ERDOĞAN ATMIŞ: UÇAK, HELİKOPTER, ÇOK KISA MÜDDETTE MÜDAHALE ETMEK İÇİN İŞE YARAR
Erdoğan Atmış, şöyle konuştu:
“Hala daha biz, uçak, helikopter ekseninde tartışıyoruz. Her sene tıpkı tartışmayı yapmaktan bıkmadık mı? ‘Uçak var mıymış, yok muymuş?’ Bundan evvel bizim tartışmamız gereken öbür şeyler var. Uçak, helikopter, yangın başladığında çok kısa müddette oraya müdahale etmek için işe fayda.
Ama yangın bu kadar genişledikten sonra o yangını söndürmek o kadar kolay bir şey değil. O vakit bizim, gerçek manada Türkiye’deki orman yangınlarıyla çabayı tartışmamız lazım.
“7 BİN HEKTARIN YARISI KADAR ORMANI YALNIZCA BİR YANGINDA BİZ TÜKETTİK”
Biz, 2020 yılında 21 bin hektar ormanımızı kaybettik. 2021 yılında, orman yangınında 140 bin hektar ormanımızı kaybettik. Halbuki 2020’den evvel her yıl ortalama 7 bin hektar orman yanıyordu. İzafî olarak orman yangınlarına karşı daha başarılıydık ve bu kadar büyük yangınlar görmüyorduk.
Neden 2020’den sonra büyük yangınlar görmeye başladık? 2022’ye bakalım.

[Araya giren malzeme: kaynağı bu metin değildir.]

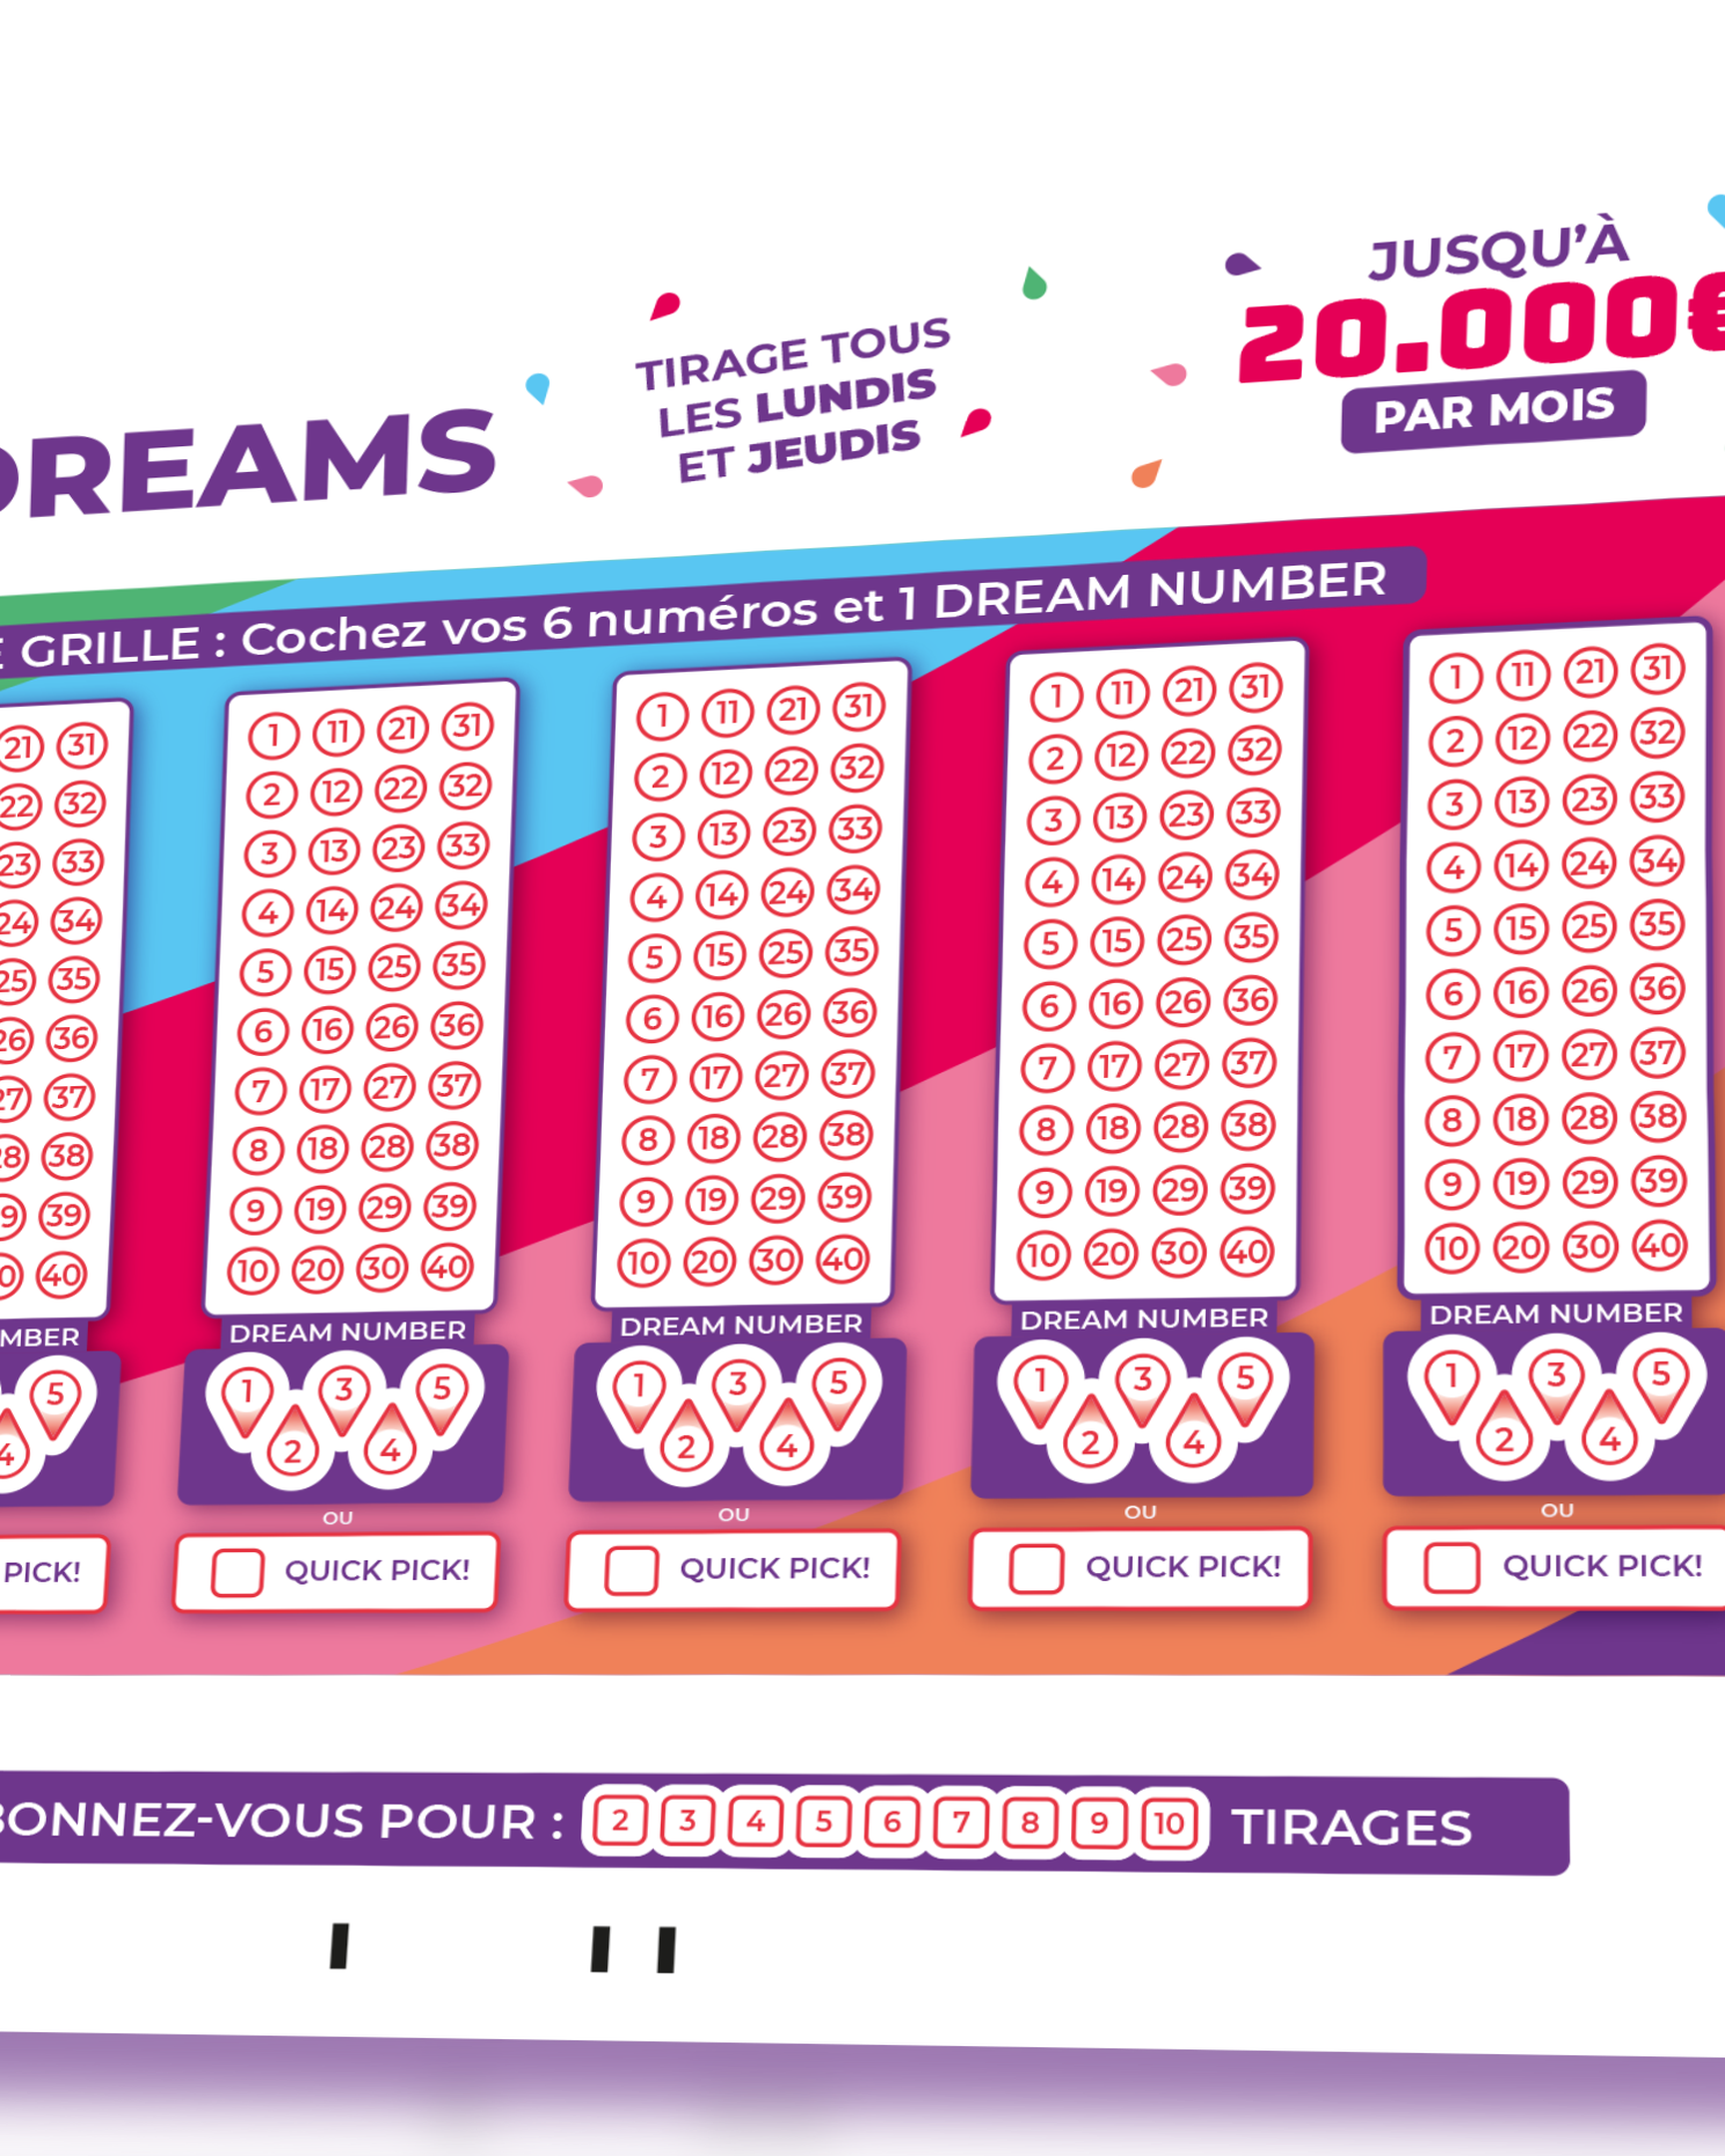 Distribuídos mais de 10 milhões de boletins do novo jogo Eurodreams

Yalnızca 4 gün içerisinde 3 bin 500 hektardan fazla orman yandı. Bu ne demek; daha evvelki yıllarda yılda yanan 7 bin hektarın yarısı kadar ormanı yalnızca bir yangında biz tükettik.
Üstelik mega yangınlar döneminde değil. 15 Temmuz’dan sonra biz bu türlü yangınları bekliyoruz. Zira ortam kuruyor, büyük bir nem açığı var.
“ŞU AN 2018’DEN DAHA DÜŞÜK BİR BÜTÇE AYRILDI”
Marmaris yangını, 21 Haziran’da, daha ortalık kurumamışken, nem açığı oluşmamışken çıkmış. Buna karşın yangına karşı çok laubali davranılmış. Birinci gün Tarım ve Orman Bakanı’nın açıklaması, ‘Bu yangın bizi endişelendirmiyor’ biçimindeydi. İkinci gün, ‘Yangını denetim ettik’ halindeydi. Ondan sonra akşam, ‘Yangın denetim edildi de edilmedi de’ biçiminde bir açıklaması oldu. Bu türlü gayri önemli açıklamalarla yangınla uğraş edilmez.
Yangınlarla çaba, bütçeye dayanır. Lakin 2018 ekonomik krizinden sonra yangınla gayrette bütçe kısıtlanmıştır. Şu anda 2018’den daha düşük bir bütçe ayrılmıştır.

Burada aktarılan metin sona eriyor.